= Beginning of Section =

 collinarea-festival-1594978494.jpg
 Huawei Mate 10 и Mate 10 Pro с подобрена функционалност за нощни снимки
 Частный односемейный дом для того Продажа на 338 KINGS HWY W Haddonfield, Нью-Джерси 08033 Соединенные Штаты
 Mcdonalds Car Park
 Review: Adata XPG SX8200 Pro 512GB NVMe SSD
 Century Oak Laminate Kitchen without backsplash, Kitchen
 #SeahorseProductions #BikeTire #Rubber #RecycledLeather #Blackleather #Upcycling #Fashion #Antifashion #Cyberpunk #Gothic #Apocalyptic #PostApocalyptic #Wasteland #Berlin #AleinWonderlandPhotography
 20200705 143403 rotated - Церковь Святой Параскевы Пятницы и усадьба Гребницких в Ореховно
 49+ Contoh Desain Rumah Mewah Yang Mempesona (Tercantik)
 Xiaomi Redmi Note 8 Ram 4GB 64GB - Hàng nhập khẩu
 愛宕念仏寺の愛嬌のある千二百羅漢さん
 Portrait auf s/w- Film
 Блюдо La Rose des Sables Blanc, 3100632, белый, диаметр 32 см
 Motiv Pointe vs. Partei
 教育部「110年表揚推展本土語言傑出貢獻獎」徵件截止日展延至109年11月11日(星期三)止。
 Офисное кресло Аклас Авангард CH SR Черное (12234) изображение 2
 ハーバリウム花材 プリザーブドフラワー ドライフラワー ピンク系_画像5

= End of Section =

* **Required work**: In the listing above, take the line containing "Century Oak Laminate" as the start and write out every line through the last one exactly, with nothing added.

* **Solution below**:
 Century Oak Laminate Kitchen without backsplash, Kitchen
 #SeahorseProductions #BikeTire #Rubber #RecycledLeather #Blackleather #Upcycling #Fashion #Antifashion #Cyberpunk #Gothic #Apocalyptic #PostApocalyptic #Wasteland #Berlin #AleinWonderlandPhotography
 20200705 143403 rotated - Церковь Святой Параскевы Пятницы и усадьба Гребницких в Ореховно
 49+ Contoh Desain Rumah Mewah Yang Mempesona (Tercantik)
 Xiaomi Redmi Note 8 Ram 4GB 64GB - Hàng nhập khẩu
 愛宕念仏寺の愛嬌のある千二百羅漢さん
 Portrait auf s/w- Film
 Блюдо La Rose des Sables Blanc, 3100632, белый, диаметр 32 см
 Motiv Pointe vs. Partei
 教育部「110年表揚推展本土語言傑出貢獻獎」徵件截止日展延至109年11月11日(星期三)止。
 Офисное кресло Аклас Авангард CH SR Черное (12234) изображение 2
 ハーバリウム花材 プリザーブドフラワー ドライフラワー ピンク系_画像5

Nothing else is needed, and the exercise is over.